Before you start, please read the first three sections of [this post](https://tomvannuenen.medium.com/analyzing-reddit-communities-with-python-part-5-topic-modeling-a5b0d119add) for an explainer of how topic modeling (and LDA, which is just one form of topic modeling) works.

Specifically, we'll implement Latent Dirichlet Allocation (LDA), which is a classic method for topic modeling. Specifically, LDA is a "mixture model", meaning every document is assumed to be "about" various topics, and we try to estimate the proportion each topic contributes to a document.

## Latent Dirichlet Allocation

Latent Dirichlet Allocation (LDA) is a *Bayesian* model that captures how specific topics can generate documents. This means that, at the end of the day, it's modeling *probabilities* of tokens appearing in certain topics, rather than carving out distinct topics. It was [introduced](https://jmlr.csail.mit.edu/papers/v3/blei03a.htmlhttps://jmlr.csail.mit.edu/papers/v3/blei03a.html) in machine learning by Blei et al. It is one of the oldest models applied to perform topic modeling.

LDA is also a *generative* model. This means that it can, theoretically, be used to generate new samples, or documents. Let's walk through that process. Assume we have a number of topics $T$. Then, we generate a new document as follows:

1. Choose a number of words $N$ (this is done probabilistically according to what's called a *Poisson distribution*: again, this is the Bayesian part).
2. Choose several values $\boldsymbol{\theta}=(\theta_1, \theta_2, \ldots, \theta_T)$, once again, probabilistically, according to a Dirichlet distribution. The details of a Dirichlet distribution aren't important other than that it guarantees all of the $\theta_i$ add up to 1, and are positive. So, we can think of the $\theta_i$ as proportions, or probabilities. That is, each $\theta_i$ is the probability that topic $i$ is represented in a document.
3. For each of the $N$ words $w_n$, where $n$ goes from 1 to $N$:
- Choose a topic $t_n$, using the probabilities given by the $\theta_i$. If $\theta_i$ is larger, it's more likely to be chosen.
- Each topic has a probability that each word will appear in it (mathematically, this is represented by the probability distribution $p(w_n|t_n)$, or $w_n$ conditioned on $t_n$). Draw the word according to these probabilities.

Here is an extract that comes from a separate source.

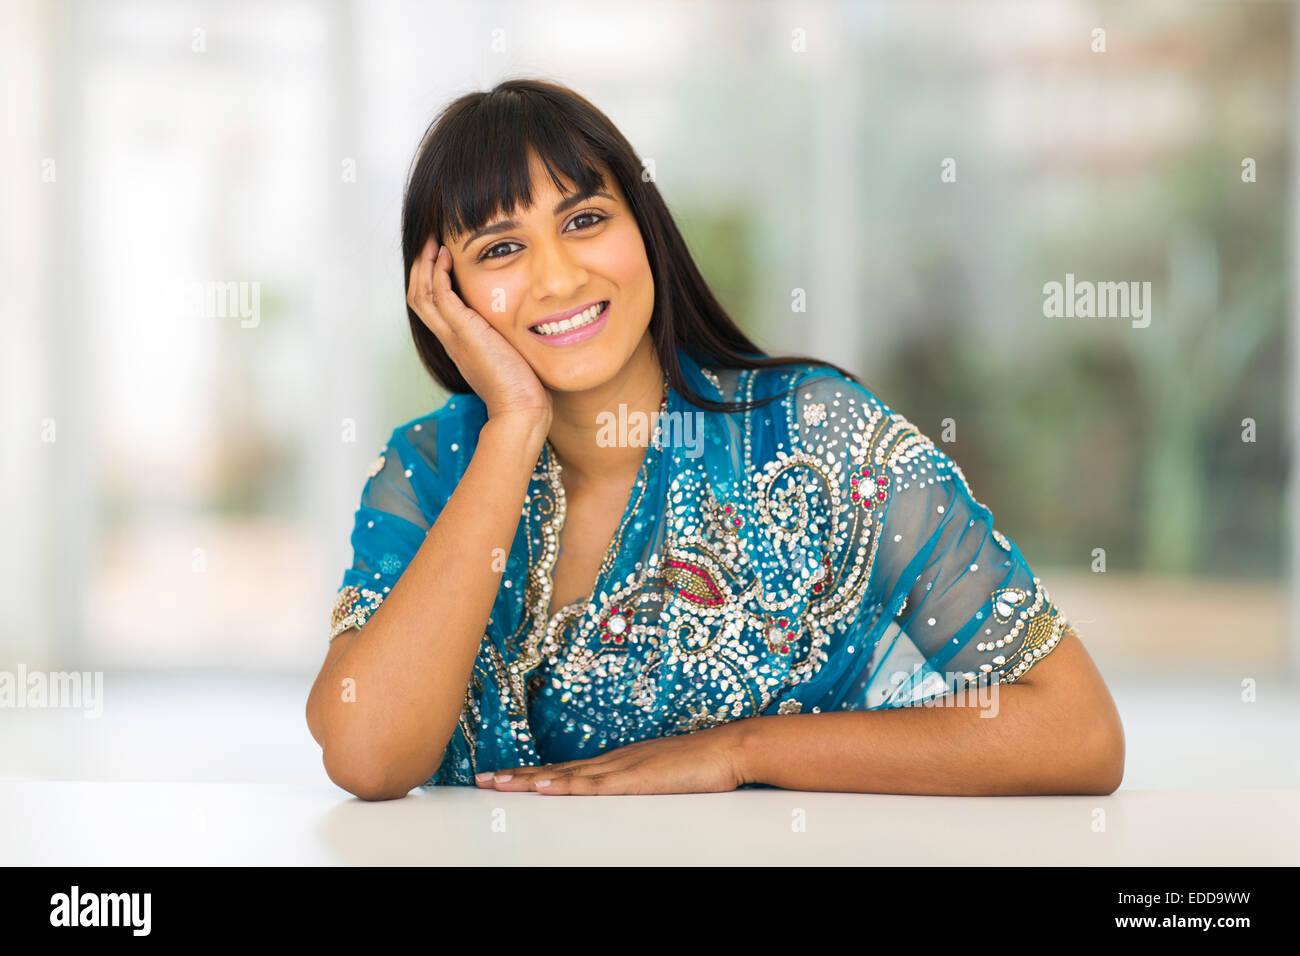 Bella donna indiana seduti a casa Immagini Stock
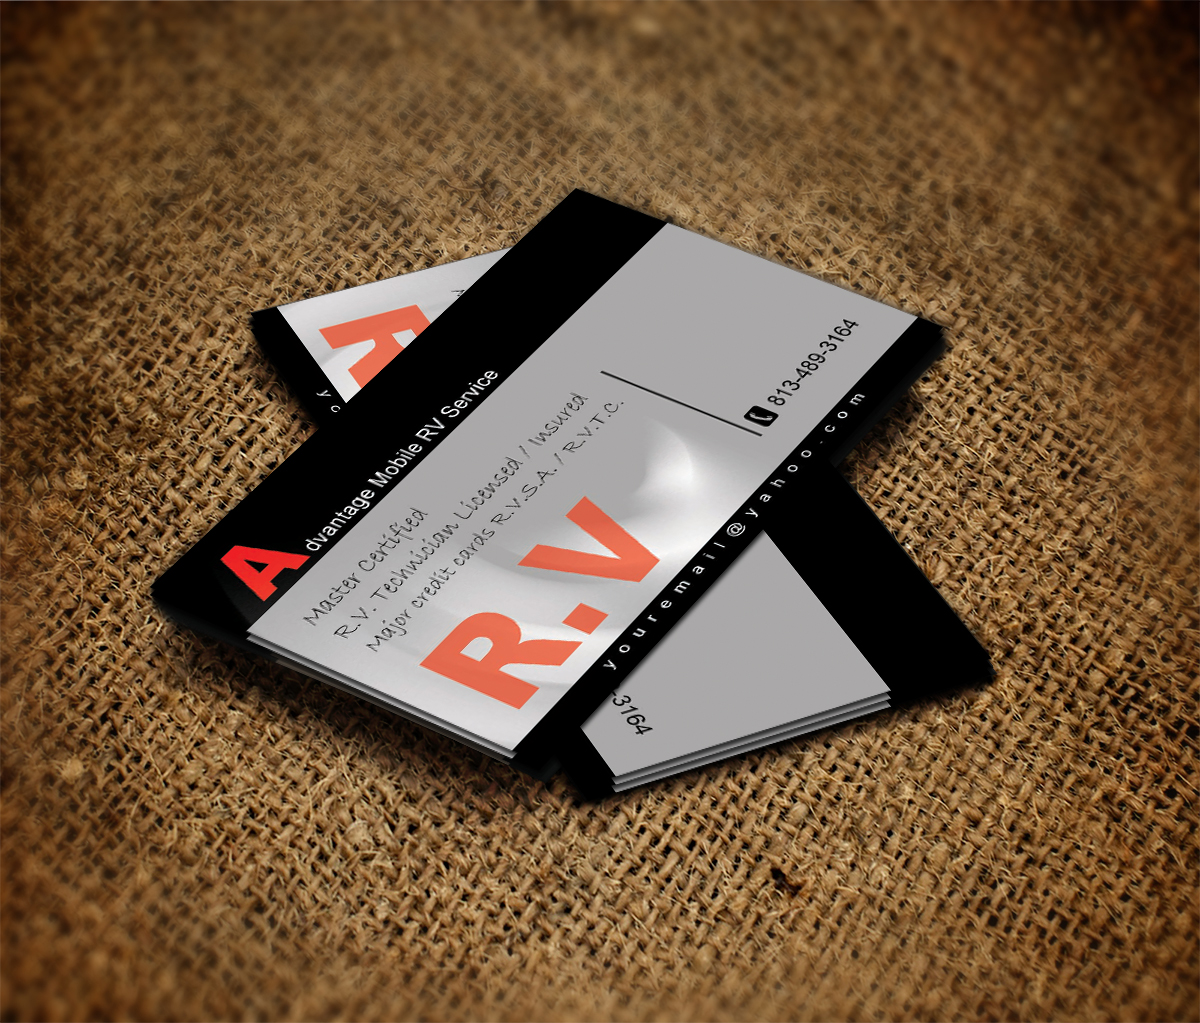 Insurance business card design for advantage mobile rv service by business card design by ma for advantage mobile rv service design 3854769 colourmoves

LDA does not model the order of the words, so in the end, it produces a collection of words - just like the bag of words.

![lda](../../img/lda.png)

There's a lot of variables there, so let's consider a concrete example. Let's suppose we have two topics: soccer and basketball. These are $t_1$ and $t_2$. 

Some topics are more likely to contains words than others. For example, soccer is more likely to contain `liverpool` and `freekick`, but probably not `nba`. Basketball meanwhile will very likely contain `rebound` and `nba`. Furthermore, even though it's unlikely, a soccer topic might still refer to the `nba`. This unlikeliness is captured through the probabilities assigned in the distribution $p(w_n|t_n)$.

Next, each document might consist of multiple "proportions" of topics. So, Document 1 might mainly be about soccer, and not really reference basketball - this would be reflected in the probabilities $\boldsymbol{\theta}=(0.9, 0.1)$. Meanwhile, another document might equally reference soccer and basketball, so we'd need a different set of probabilities $\boldsymbol{\theta}=(0.5, 0.5)$.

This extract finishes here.